Аккордеонист оборвал пасадобль на середине и привстал, придерживая инструмент на коленях. Редкие пары на танцевальной площадке обернулись в ту сторону, откуда слышались крики. Люди повскакали с мест, чтобы посмотреть, что происходит.

Тогда Жако проревел:

— Эй, Иньяс! Давай «Самую лучшую»! Жава давай!..

Иньяс прижался щекой к аккордеону у самых басов, с бесконечной осторожностью поднес правую руку к белым клавишам, прошелся по ним сразу четырьмя пальцами, и мелодия «Самой лучшей» взвилась к потолку, точно стяг.
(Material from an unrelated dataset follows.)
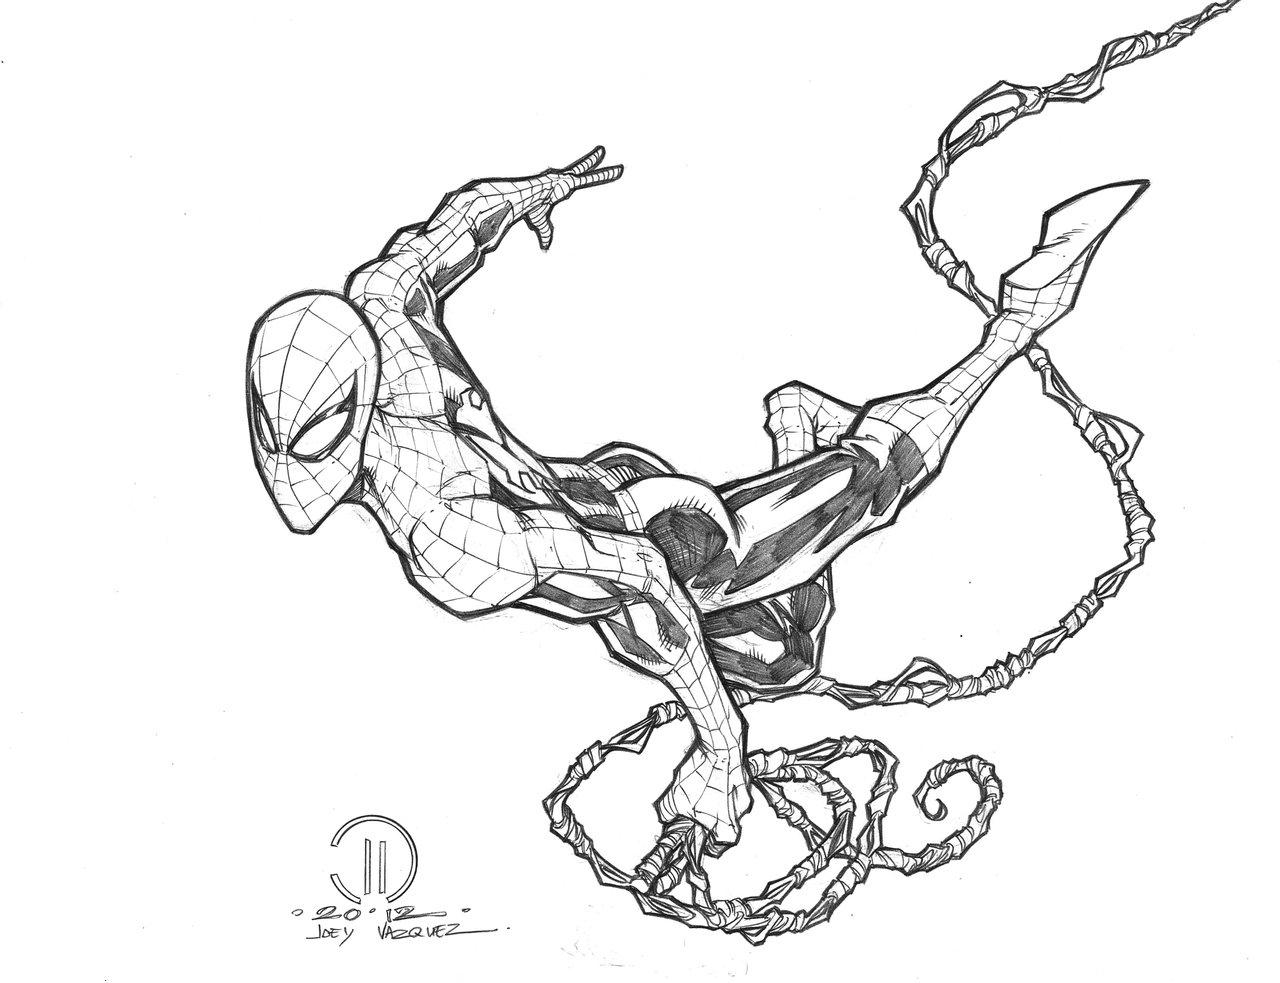 1280x983 Pencil Drawing Of Spiderman Spiderman Realistic Art, Pencil

Парни с застывшей улыбкой на губах пересекали зал в разных направлениях, раскачиваясь в такт музыке, вытянув руки, играя плечами и слегка наклонив голову. Девушки, хихикая, клали сумочки и косынки на стулья и делали шаг навстречу кавалерам.

Они стремительно бросались в объятия друг другу, точно влюбленные из сказки, которые наконец встретились, когда исчезли злые чары. Щека касалась щеки, и парни, закатив глаза, бормотали полузабытые слова «Самой лучшей», наивные и грустные, как заблудившиеся дети:

А — а-а — а!
До чего же хороша!
А — а-а — а!
Это лучшая жава!

Парашютист с достоинством склонился перед Терезой Руфен.

— Разрешите вас пригласить на эту жава, мадемуазель?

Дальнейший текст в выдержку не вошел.